しなやかで、凛とした力強さを持った味わい
ヴォーヌ・ロマネの名門を支える家族のチームワーク

2024.06.20 --- writer Kasahara

web サイト
https://www.mugneret-gibourg.com/

1. ヴォーヌ・ロマネ村の概要

今更改めて説明する必要もないと思われますが、念のため…。
世界で引く手数多の高級赤ワインを造り出す、ヴォーヌ・ロマネ村。村全体では約180ヘクタールの畑があり、その半分強がヴィラージュ・ワインを造りだし、残りの約半分がプルミエ・クリュとグラン・クリュとなっている。グラン・クリュがブルゴーニュ及び世界中のワインの頂点に立つであろう、ロマネ・コンティを含めて6つ。プルミエ・クリュにもクロ・パラントゥーやマルコンソールなど有名な畑ばかりがずらりと並ぶ。

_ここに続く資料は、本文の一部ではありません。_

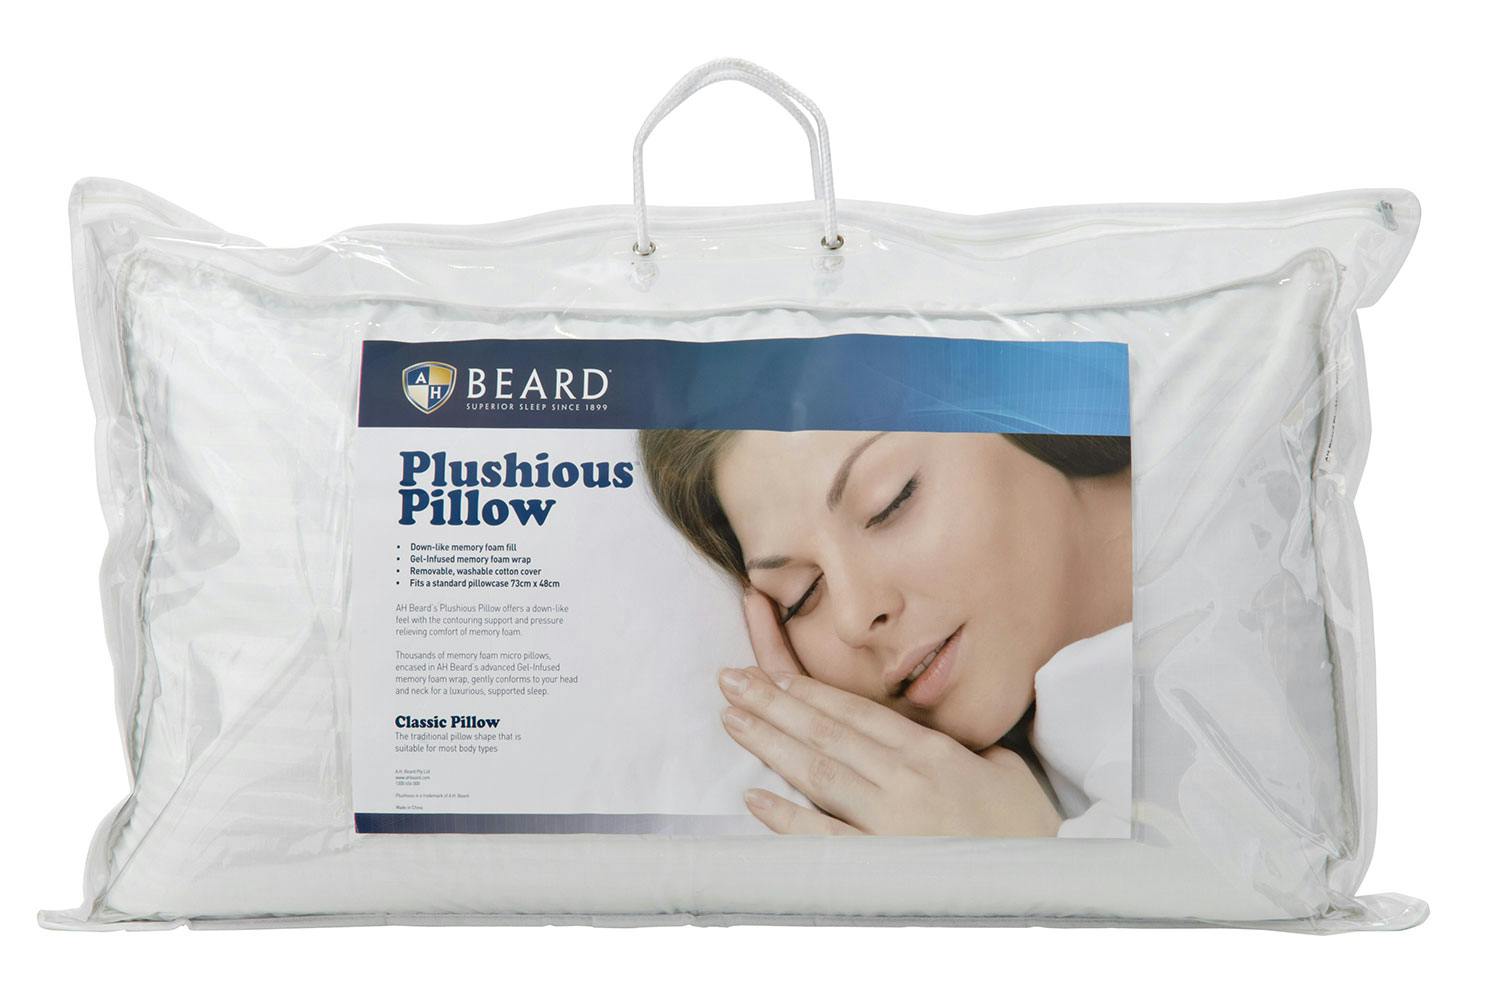 ah beard pillow top mattress

著名な生産者を挙げていくにも、これまた有名かつ歴史のあるドメーヌばかりと、人気が高いのも至極当然といえるだろう。ワインの味わいについては一般的に香りが華やかで、味わいは繊細と、これまた日本人が好みのタイプ。有名畑×著名生産者×エレガントな味わい、と3拍子そろったこの村はやはりマーケティング上も非常に引きが強いわけで、価格については他のコート・ド・ニュイのどのアペラシオンよりも一般的に高い。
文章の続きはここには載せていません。